A simple new method better assesses the risks posed by emerging zoonotic viruses (those transmissible from animals to humans), according to a study published in PLOS Medicine this week. Dr. Simon Cauchemez and colleagues from Imperial College London in the UK and the Centers for Disease Control and Prevention in the US show that the new tool can produce transmissibility estimates for swine flu (the H3N2v-M virus), allowing researchers to better evaluate the possible pandemic threat posed by this virus. Until now, estimates of transmissibility were derived from detailed outbreak investigations, which are resource intensive and subject to selection bias. In this study, the authors develop a method to derive unbiased estimates of transmissibility with more limited data.
This study has important health policy implications because of the large numbers of people that could potentially be harmed by emerging viruses. Zoonotic viruses primarily cause occasional infections in human populations exposed to reservoir species (the animal species harboring the virus) because the pathogens are usually poorly adapted for sustained human-to-human transmission. However, zoonotic viruses are under strong selective pressure to acquire the ability for human-to-human transmission. Dr. Cauchemez and colleagues show that the novel approach described in this paper will be useful in assessing human-to-human transmissions during zoonotic outbreaks.
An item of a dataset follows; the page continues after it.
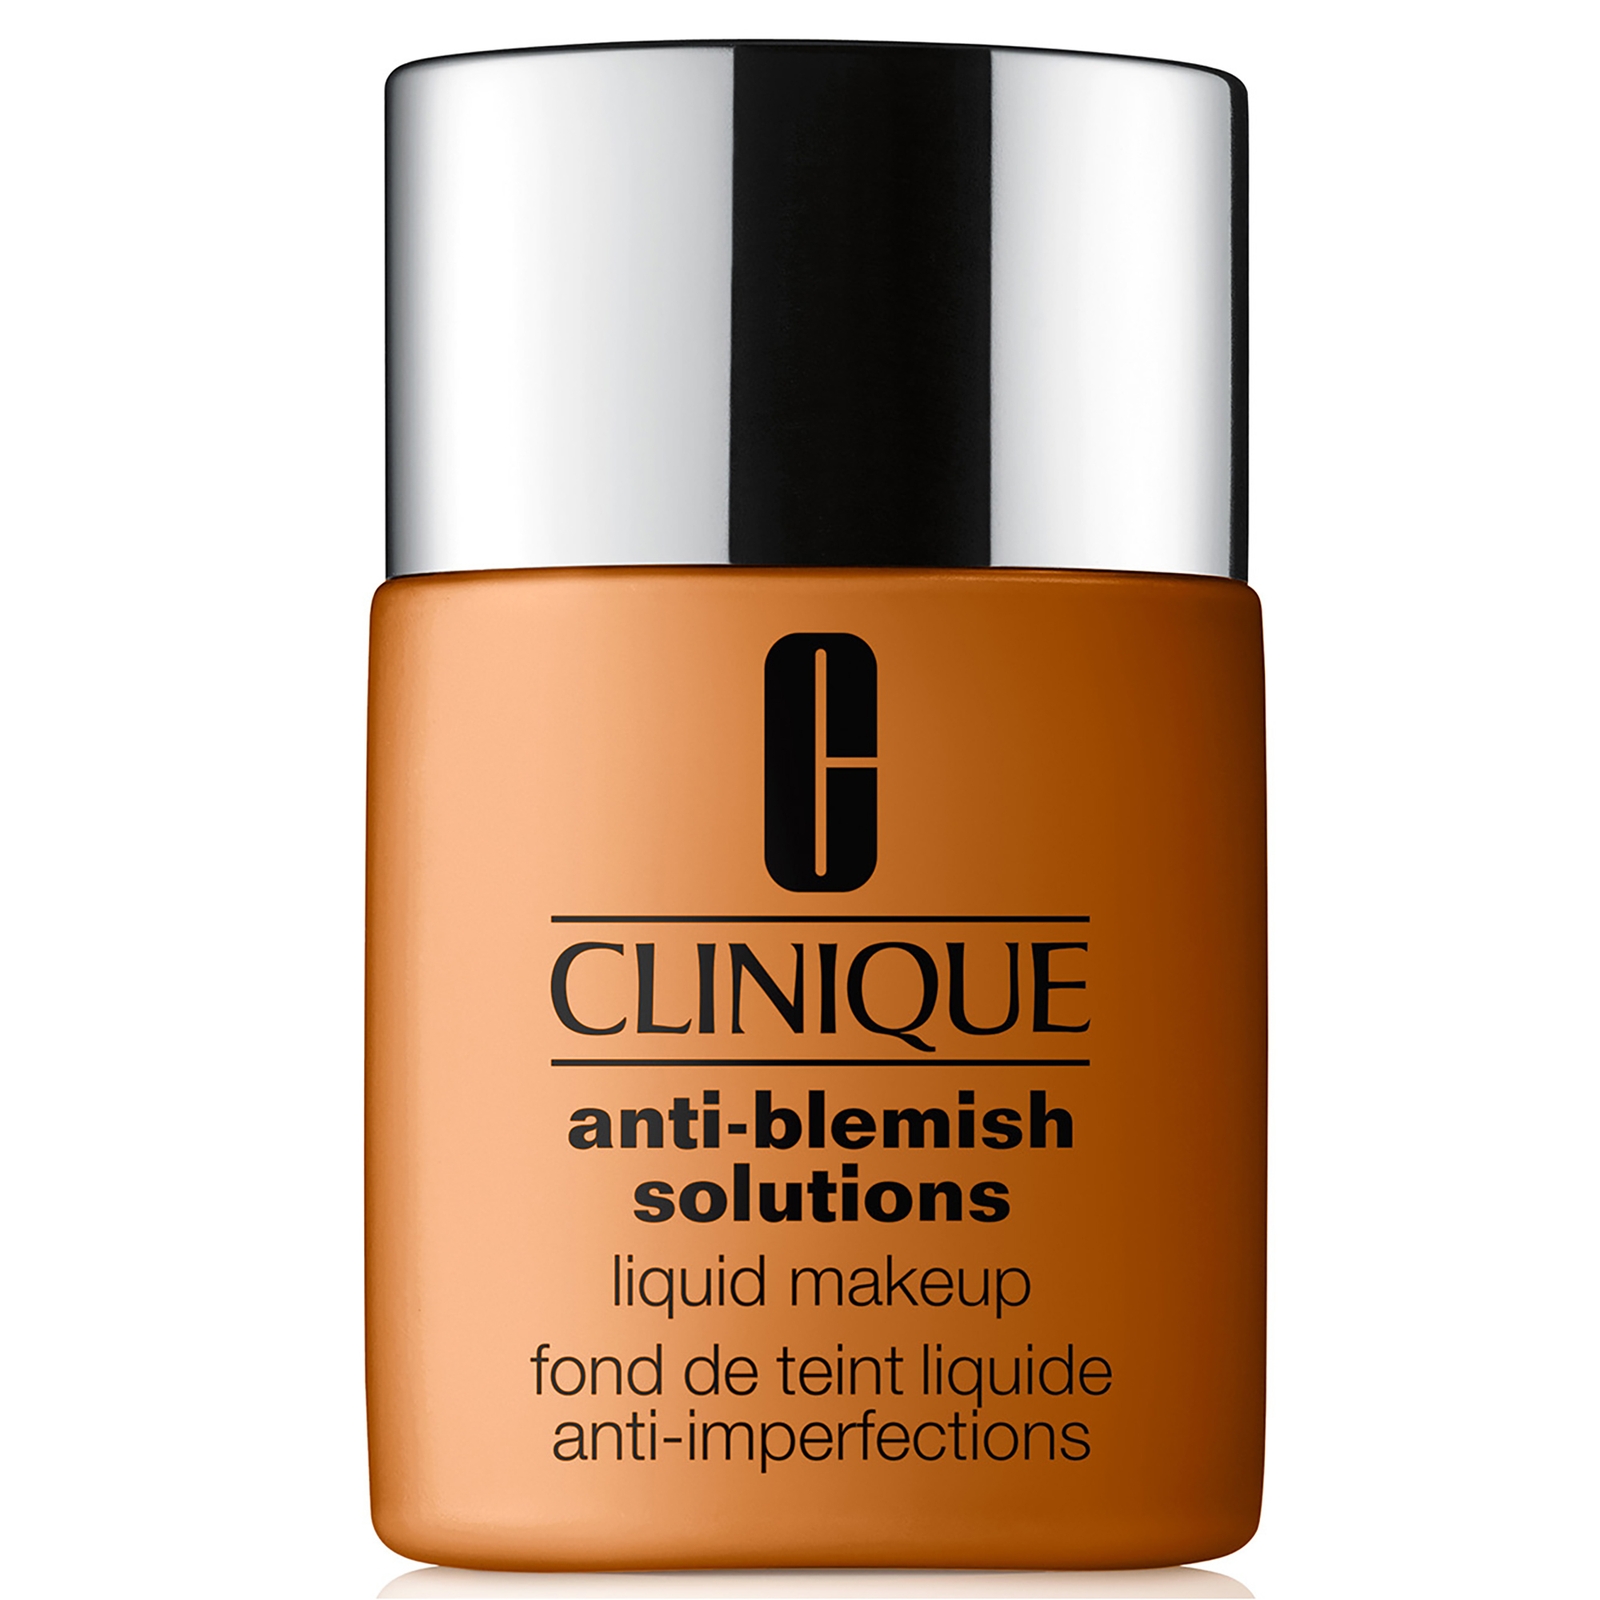 Clinique Anti-Blemish Solutions Liquid Makeup with Salicylic Acid 30ml (Various Shades) - WN 112 Ginger

The researchers developed a mathematical model of disease transmission, which only requires data from routine surveillance and standard case investigations. They showed that the pandemic potential of a zoonotic virus could be estimated simply from the proportion of cases infected by the natural reservoir. The authors then applied their new approach to assess the human-to-human transmissibility of H1N1v, H1N2v and H3N2v viruses (in particular that of the H3N2v-M virus) from US surveillance data for the period December 2005 to December 2011 and Nipah virus in Malaysia and Bangladesh, as well as to a non-zoonotic pathogen Vibrio cholerae in the Dominican Republic. This study demonstrates the applicability of this novel approach to estimating the reproduction number R (or the number of individuals infected by a case), during zoonotic and certain non-zoonotic outbreaks.
The technique for estimating R described in this paper is simple and robust and does not require as much investigative effort as existing methods, say the authors. However, a key limitation of this new approach is that it is designed to estimate R during subcritical outbreaks. If it is not a subcritical outbreak, other methods are needed to estimate R.
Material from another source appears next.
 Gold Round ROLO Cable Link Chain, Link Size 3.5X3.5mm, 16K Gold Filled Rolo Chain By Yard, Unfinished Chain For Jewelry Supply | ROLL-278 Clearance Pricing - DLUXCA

Dr. Lyn Finelli, Surveillance and Outbreak Response Team (Influenza Division, CDC) and co-author on the paper said: "Outbreaks of the H3N2v-M virus largely took place at livestock exhibitions with thousands of visitors every day. It is very hard to perform detailed outbreak investigations and effectively trace cases in such settings since visitors are widely dispersed. The approach presented in the paper, is simple, requires few data, and was very useful in assessing transmissibility of the virus from the data available."
Funding: The research leading to these results received funding from the European Union Seventh Framework Programme (FP7/2007-2013) under Grant Agreement nu278433-PREDEMICS, the European Union FP7 EMPERIE project, the NIGMS MIDAS initiative, the Medical Research Council, and the Bill & Melinda Gates Foundation. The funders had no role in study design, data collection and analysis, decision to publish, or preparation of the manuscript.
Competing Interests: SC received consulting fees from Sanofi Pasteur MSD for a project on the modelling of varicella zoster virus transmission. The authors declare no other competing interests.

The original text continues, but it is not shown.